● ENTRIES PROVIDED:
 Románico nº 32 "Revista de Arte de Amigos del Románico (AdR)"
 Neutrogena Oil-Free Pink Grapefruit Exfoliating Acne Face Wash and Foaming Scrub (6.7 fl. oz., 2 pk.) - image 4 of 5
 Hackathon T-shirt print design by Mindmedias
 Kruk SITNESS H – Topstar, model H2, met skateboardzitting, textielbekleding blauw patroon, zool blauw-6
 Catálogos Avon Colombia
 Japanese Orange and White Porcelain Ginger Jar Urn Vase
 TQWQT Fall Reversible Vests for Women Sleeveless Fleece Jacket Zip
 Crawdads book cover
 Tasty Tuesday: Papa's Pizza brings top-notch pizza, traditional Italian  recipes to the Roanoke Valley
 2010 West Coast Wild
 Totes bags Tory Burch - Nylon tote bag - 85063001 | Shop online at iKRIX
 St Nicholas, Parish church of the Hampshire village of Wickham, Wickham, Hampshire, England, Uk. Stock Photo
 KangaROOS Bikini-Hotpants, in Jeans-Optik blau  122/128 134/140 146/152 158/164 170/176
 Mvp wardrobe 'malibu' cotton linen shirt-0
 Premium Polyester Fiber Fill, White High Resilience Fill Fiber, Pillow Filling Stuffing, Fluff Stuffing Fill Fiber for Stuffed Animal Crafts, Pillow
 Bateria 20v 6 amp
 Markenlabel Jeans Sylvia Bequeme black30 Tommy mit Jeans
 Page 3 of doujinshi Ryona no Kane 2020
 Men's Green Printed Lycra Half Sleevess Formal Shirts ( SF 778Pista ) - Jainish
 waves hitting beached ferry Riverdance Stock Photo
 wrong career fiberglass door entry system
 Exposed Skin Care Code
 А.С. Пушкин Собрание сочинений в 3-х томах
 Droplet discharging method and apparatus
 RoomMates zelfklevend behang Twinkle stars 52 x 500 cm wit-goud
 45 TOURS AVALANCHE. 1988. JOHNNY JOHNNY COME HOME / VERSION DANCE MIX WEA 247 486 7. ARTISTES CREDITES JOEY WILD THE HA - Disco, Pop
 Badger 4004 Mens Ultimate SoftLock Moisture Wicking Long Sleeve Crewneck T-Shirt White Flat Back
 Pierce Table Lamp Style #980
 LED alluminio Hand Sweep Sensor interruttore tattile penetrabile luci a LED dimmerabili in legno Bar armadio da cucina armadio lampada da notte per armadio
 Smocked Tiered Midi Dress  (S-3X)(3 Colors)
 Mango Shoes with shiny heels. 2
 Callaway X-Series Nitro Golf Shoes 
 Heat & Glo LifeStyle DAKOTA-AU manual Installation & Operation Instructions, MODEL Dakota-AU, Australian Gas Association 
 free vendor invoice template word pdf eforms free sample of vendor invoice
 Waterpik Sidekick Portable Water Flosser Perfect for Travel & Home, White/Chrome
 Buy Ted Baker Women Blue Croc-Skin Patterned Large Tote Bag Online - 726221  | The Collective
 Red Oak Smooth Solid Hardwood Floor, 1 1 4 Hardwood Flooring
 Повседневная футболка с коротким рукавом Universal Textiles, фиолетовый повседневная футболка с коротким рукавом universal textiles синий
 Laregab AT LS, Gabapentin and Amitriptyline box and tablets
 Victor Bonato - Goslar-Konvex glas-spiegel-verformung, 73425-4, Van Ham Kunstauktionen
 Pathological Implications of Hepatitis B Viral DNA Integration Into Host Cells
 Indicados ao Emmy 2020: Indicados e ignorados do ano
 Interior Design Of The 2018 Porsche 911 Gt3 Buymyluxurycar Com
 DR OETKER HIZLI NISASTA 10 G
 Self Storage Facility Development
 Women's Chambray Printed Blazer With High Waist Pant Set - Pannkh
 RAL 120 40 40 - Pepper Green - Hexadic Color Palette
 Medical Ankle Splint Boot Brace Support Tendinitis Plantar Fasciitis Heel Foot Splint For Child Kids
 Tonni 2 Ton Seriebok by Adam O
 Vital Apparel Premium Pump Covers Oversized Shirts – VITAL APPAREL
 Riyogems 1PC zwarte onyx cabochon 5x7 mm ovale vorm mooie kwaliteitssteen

● REQUIRED ACTION:
The entries above hold a line with "Callaway X-Series Nitro Golf Shoes" and a later line with "Waterpik Sidekick Portable". Write out exactly those lines and all lines between, nothing more.

● SOLUTION TO THIS EXERCISE:
 Callaway X-Series Nitro Golf Shoes 
 Heat & Glo LifeStyle DAKOTA-AU manual Installation & Operation Instructions, MODEL Dakota-AU, Australian Gas Association 
 free vendor invoice template word pdf eforms free sample of vendor invoice
 Waterpik Sidekick Portable Water Flosser Perfect for Travel & Home, White/Chrome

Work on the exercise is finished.